:: Task to complete ::
Keep every word of the listing and reproduce it exactly, but set aside any image found there.

:: Recorded data ::
:::::

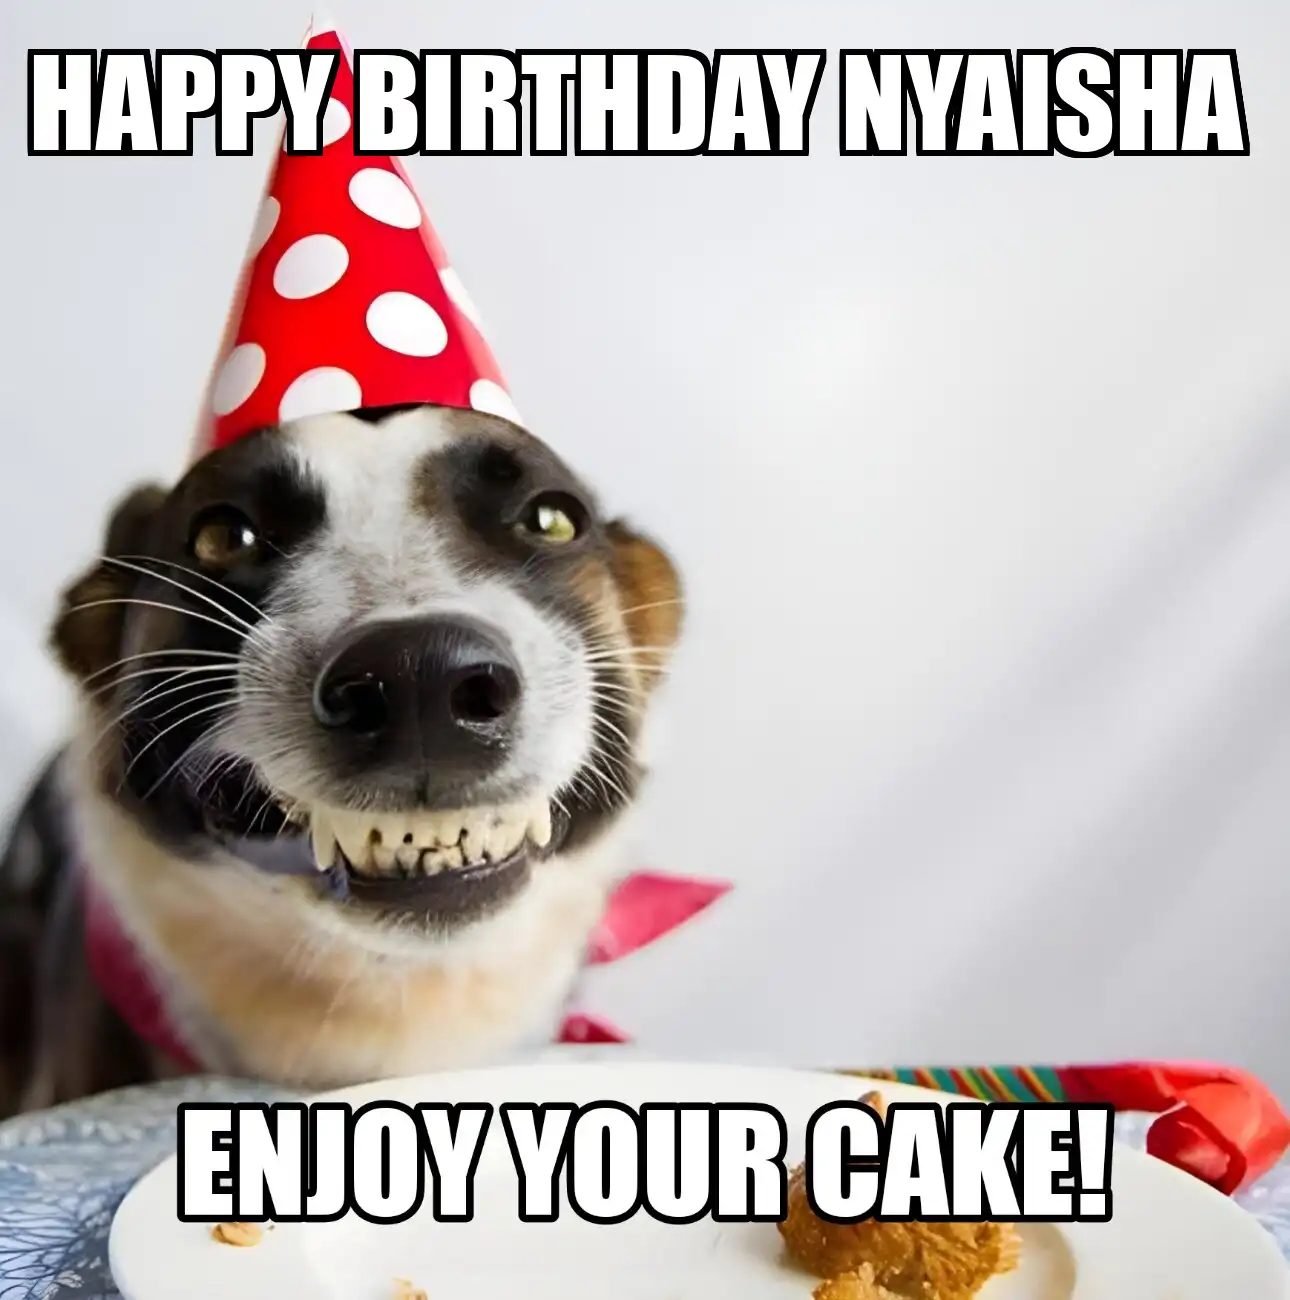 Happy Birthday Nyaisha Enjoy Your Cake Dog Meme
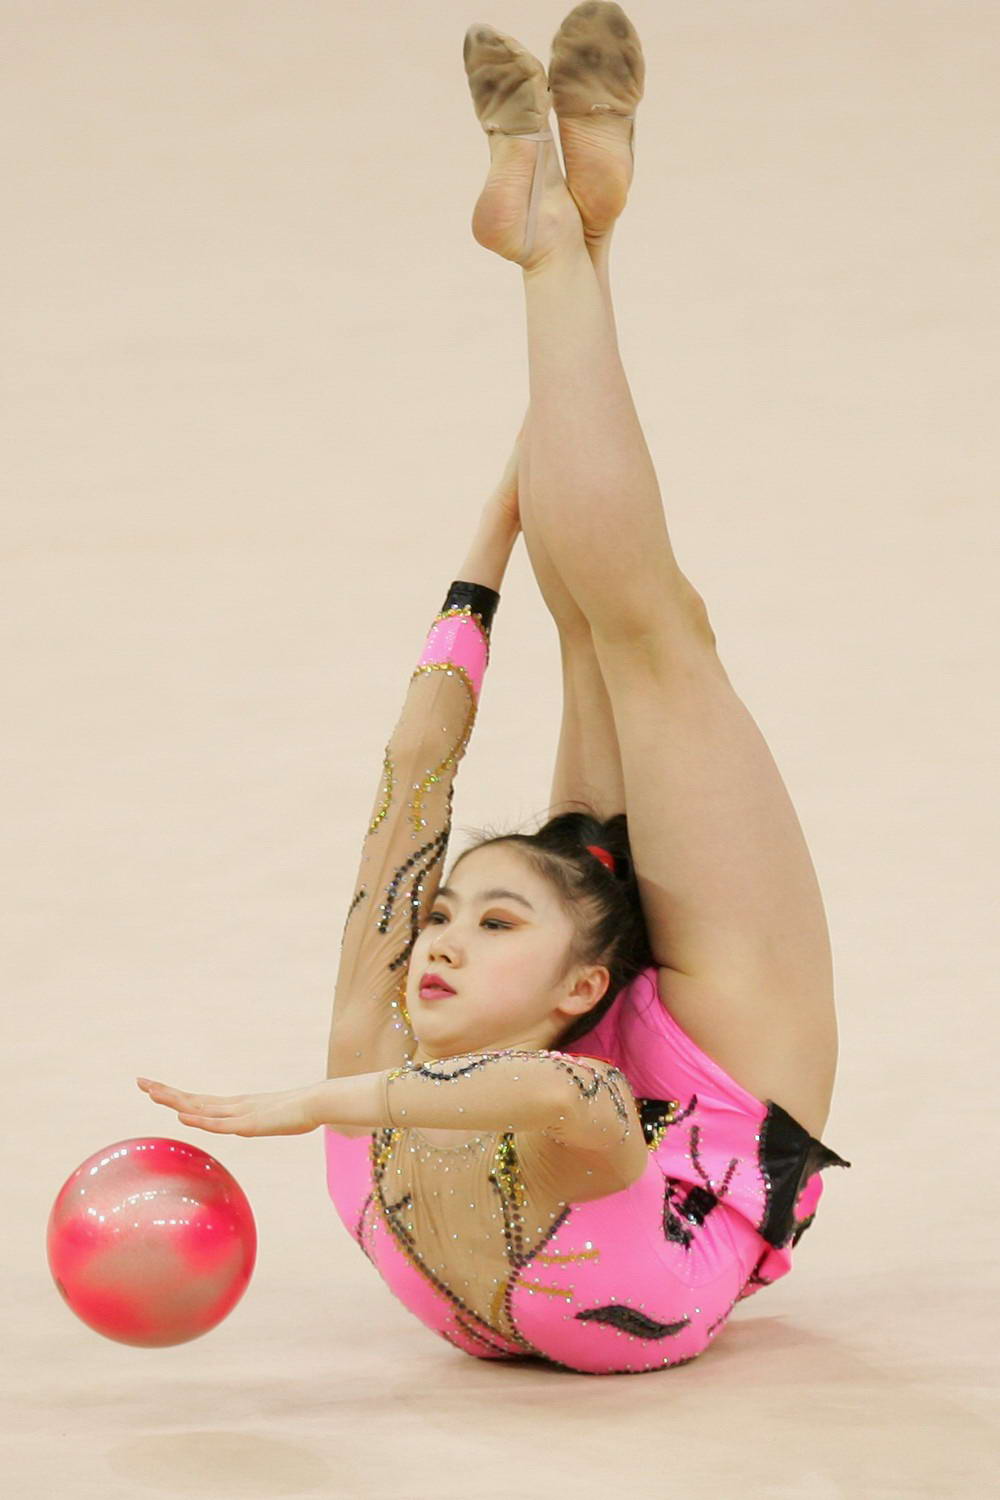 rhythmic gymnastics woman bent backwards bouncing ball
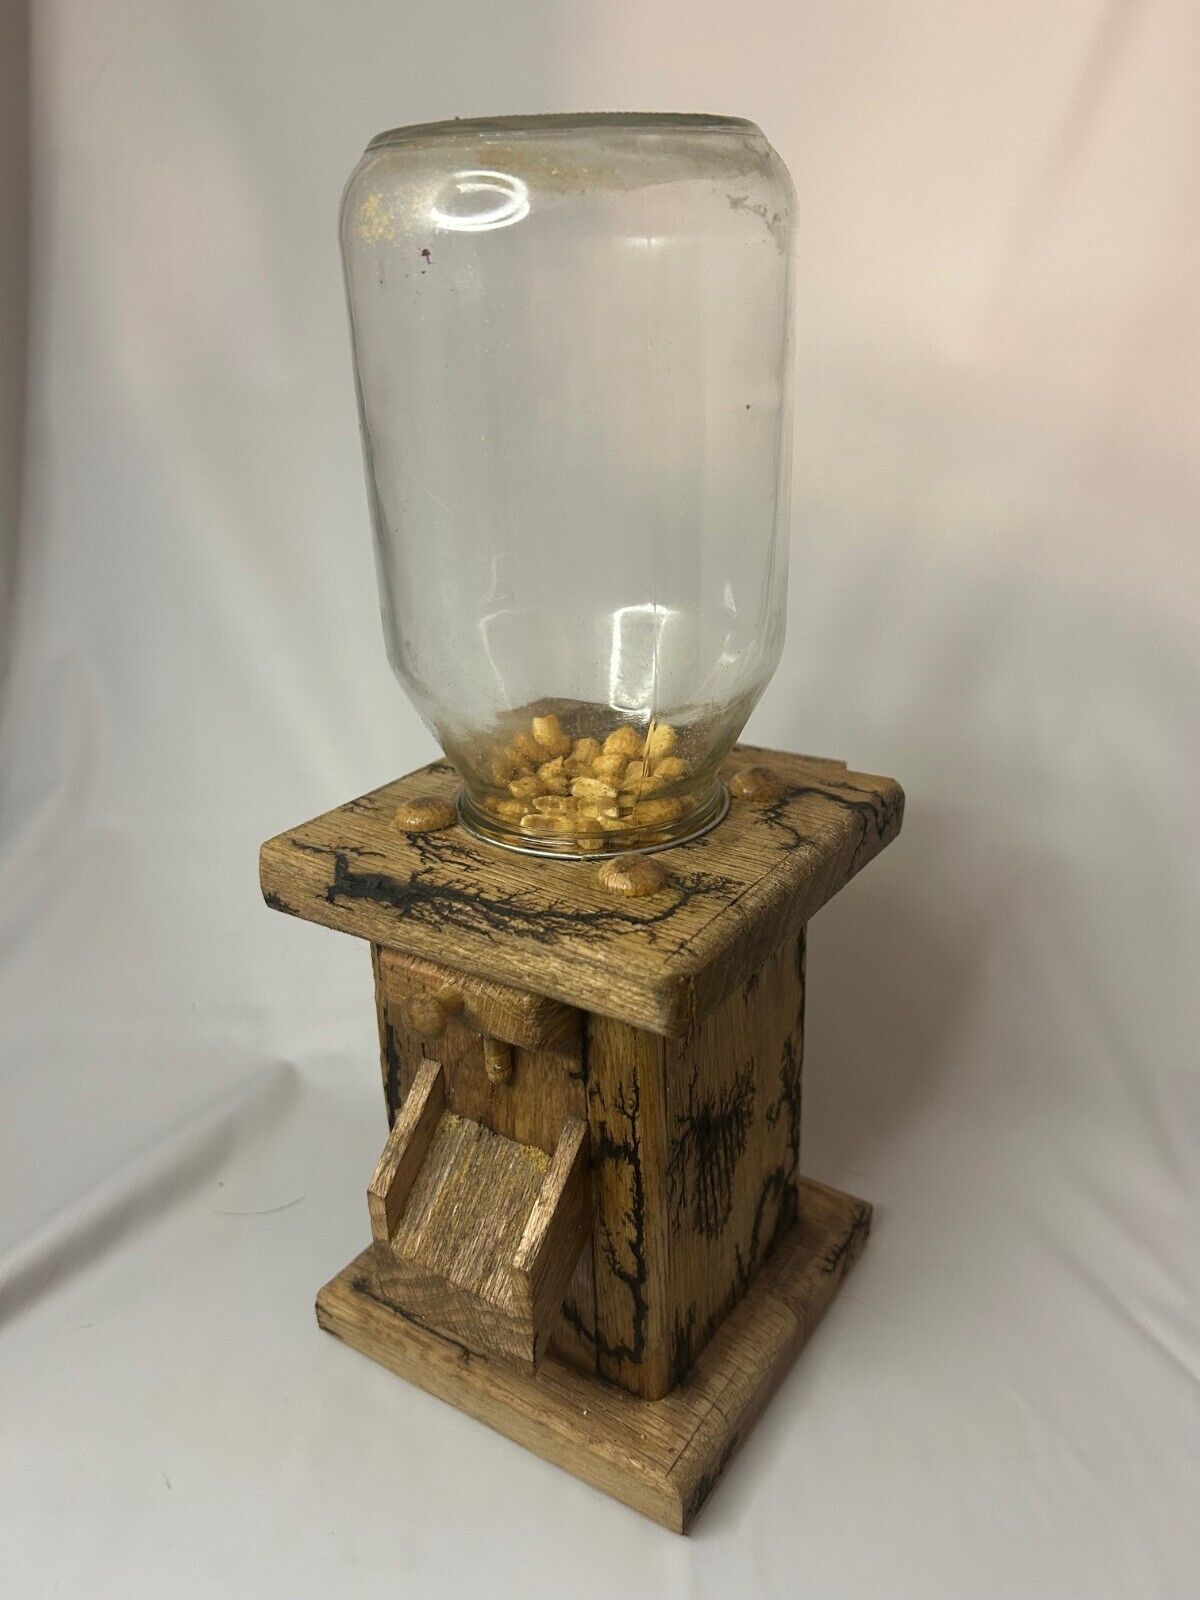 Amish Handmade Wooden Candy Dispenser With Mason Jar Solid Oak Lichtenberg burn

:::::

:: Worked solution ::
 Happy Birthday Nyaisha Enjoy Your Cake Dog Meme
 rhythmic gymnastics woman bent backwards bouncing ball
 Amish Handmade Wooden Candy Dispenser With Mason Jar Solid Oak Lichtenberg burn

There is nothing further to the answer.